Dear Home Office 2: Still Pending

Dawn Harrison
Phosphoros Theatre
Gilded Balloon Teviot

Dear Home Office 2: Still Pending

Dear Home Office 2: Still Pending traces the fictional stories of a number of refugees in the UK from Somalia Afghanistan and Albania. It is derived from many of the real experiences of asylum seekers and cast members.

We see some of the urgent difficulties in finding a place to live, and the long bureaucratic waits at council offices that are supposed to organise emergency accommodation, and could just as easily be called the redirection centres for what appears to be their preferred response.

The ability to wait patiently for great periods of time is the perfect quality for a refugee as they wait for temporary accommodation and some kind of decision on the right even to remain.

When Akram’s application for asylum is rejected, there are the difficulties in getting legal advice due to the cuts in Legal Aid funding. Though he gets to an appeal court, his advisor seems reluctant to allow him to admit he can speak English.

The lack of emotional support also has consequences for one refugee who, after suffering very disturbed dreams which wake other people, finds the post-traumatic stress too difficult to bear and walks into water with no intention of returning.

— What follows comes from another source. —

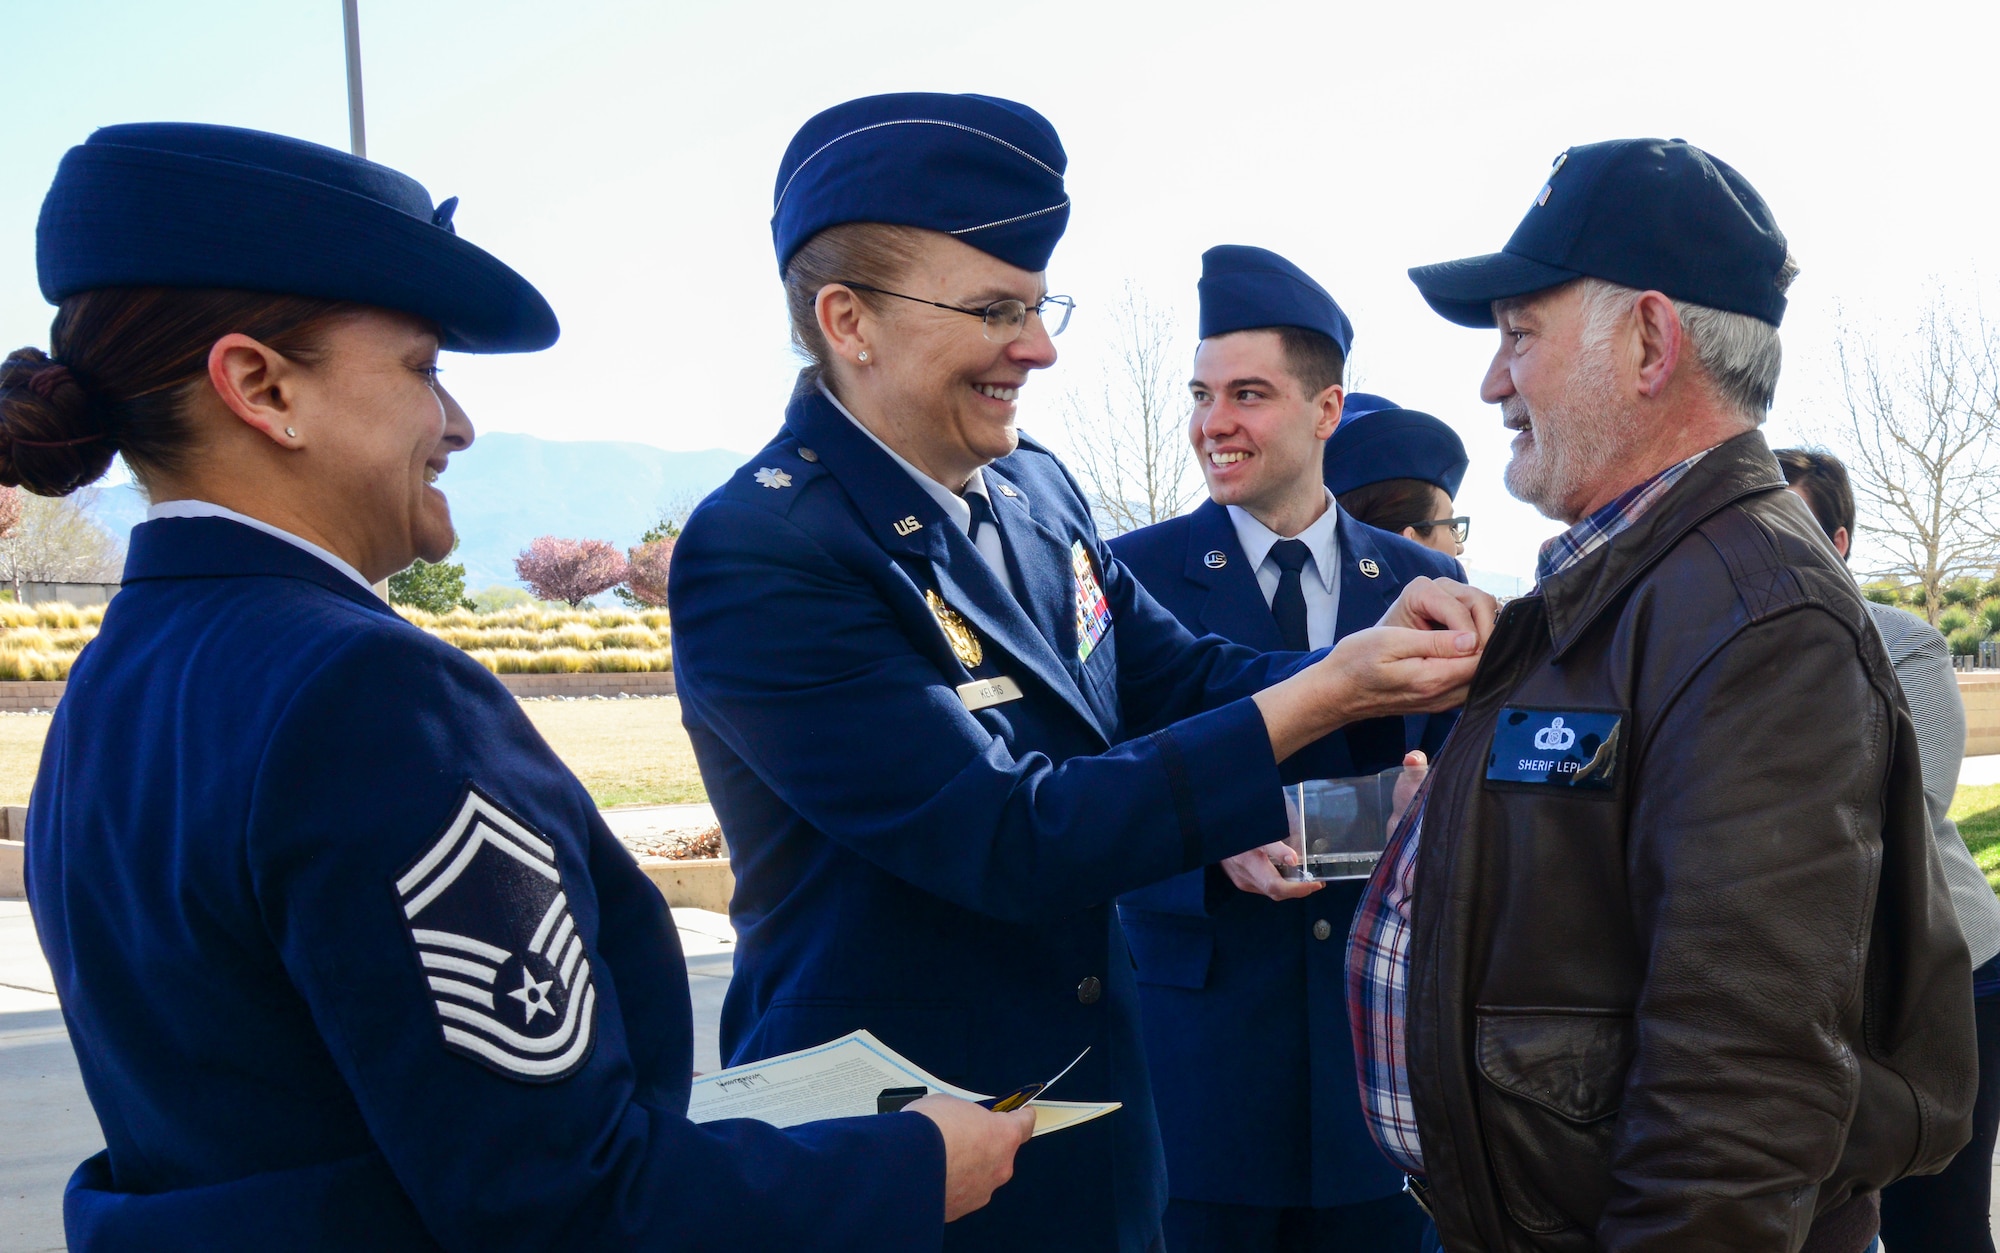 Lt. Col. Samantha Kelpis, with the Air Force Inspection Agency, pins Sherif Lepi during a ceremony to commemorate Vietnam Veterans Day at the New Mexico Veterans Memorial, March 29, 2019. Various organizations from Kirtland Air Force Base, including the Defense Commissary Agency and the Army and Air Force Exchange Service worked together to make the ceremony special for the state's Vietnam veterans. (U.S. Air Force photo by Jessie Perkins)
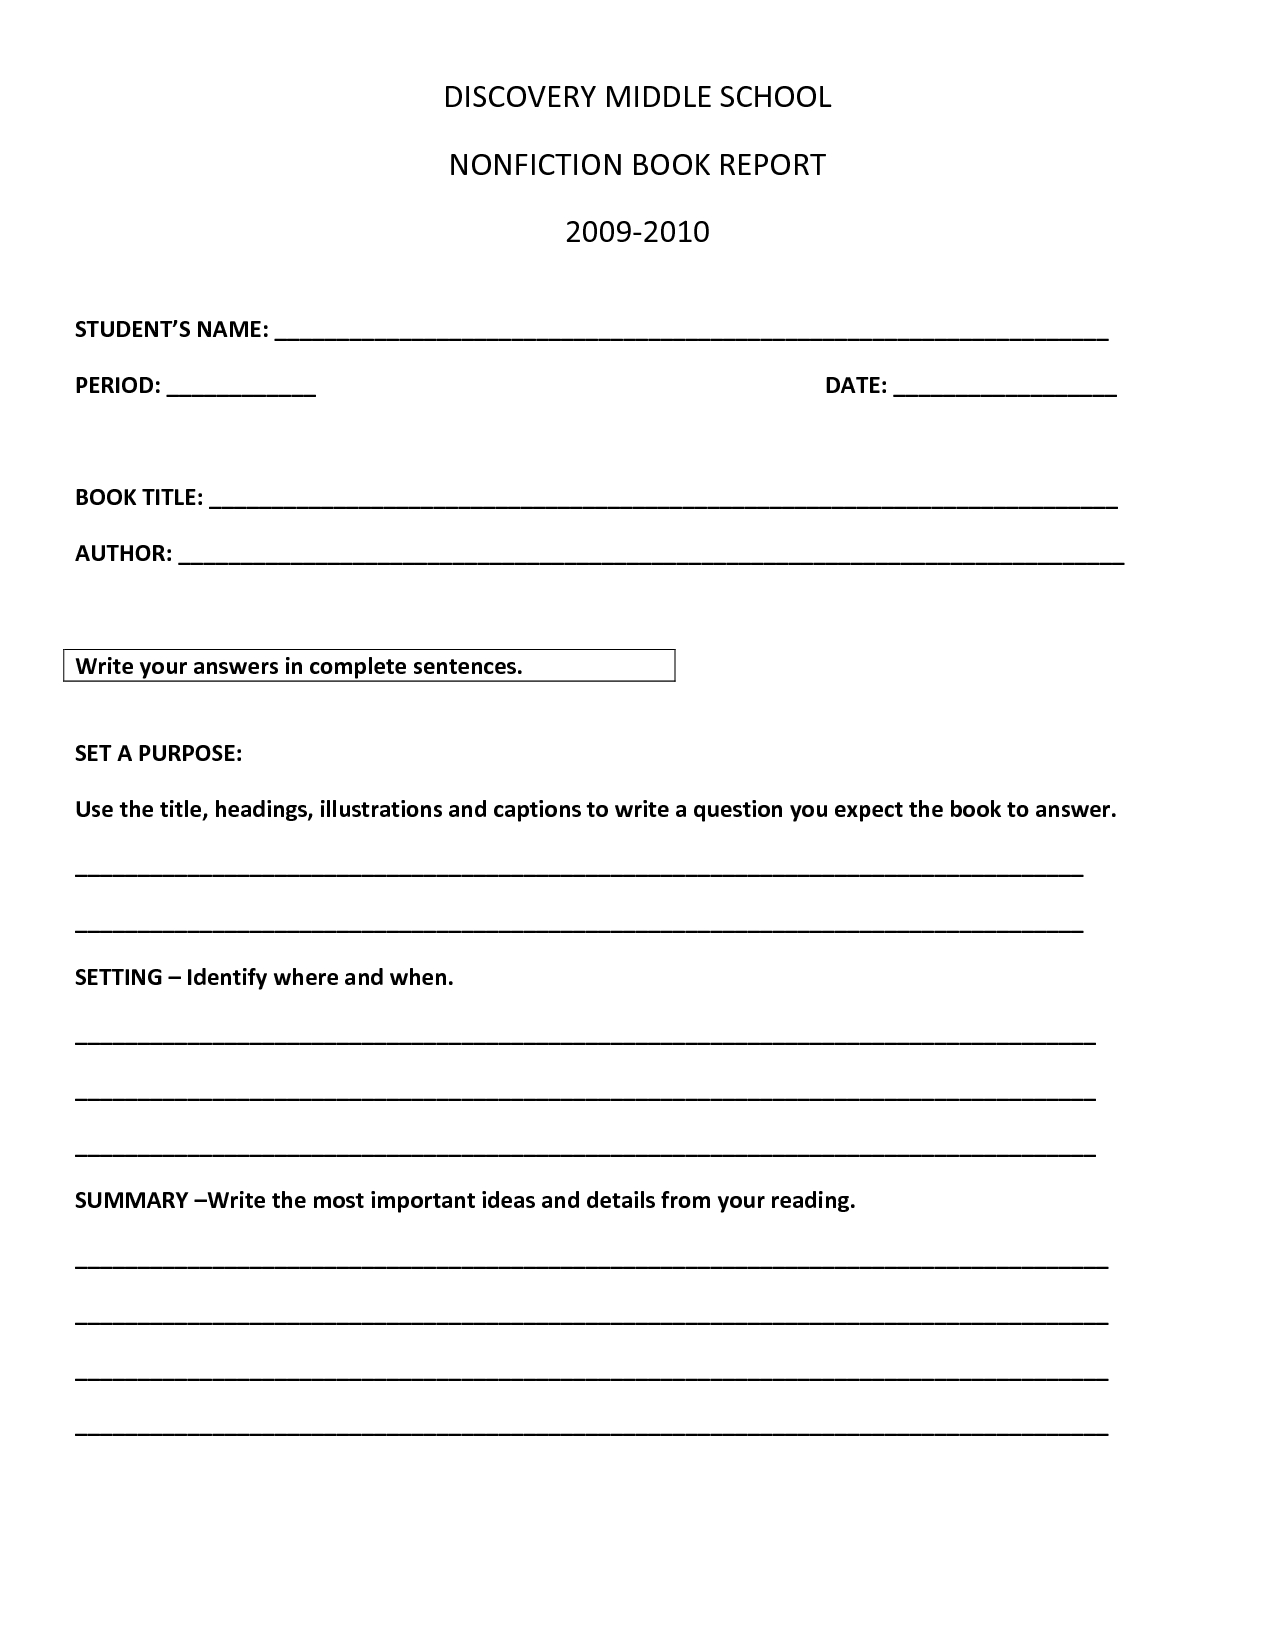 Book Report Template | Discovery Middle School Nonfiction Regarding Book Report Template High School

Work and education may help to integrate and stabilise refugees but getting these can be near impossible. We see them get casual labour delivering pizzas and selling at a fried chicken stall for three pounds an hour.

Elgin, the eighteen-year-old from Albania, wants to continue education but when he asks about a business degree is told it would cost him sixteen thousand a year and is shunted onto a level two childcare course at a college.

The dialogue and the acting can often seem stilted and in need of development but the situations depicted seem very real and provide an insight into the continuing lack of support given to refugees who have often suffered terrible trauma.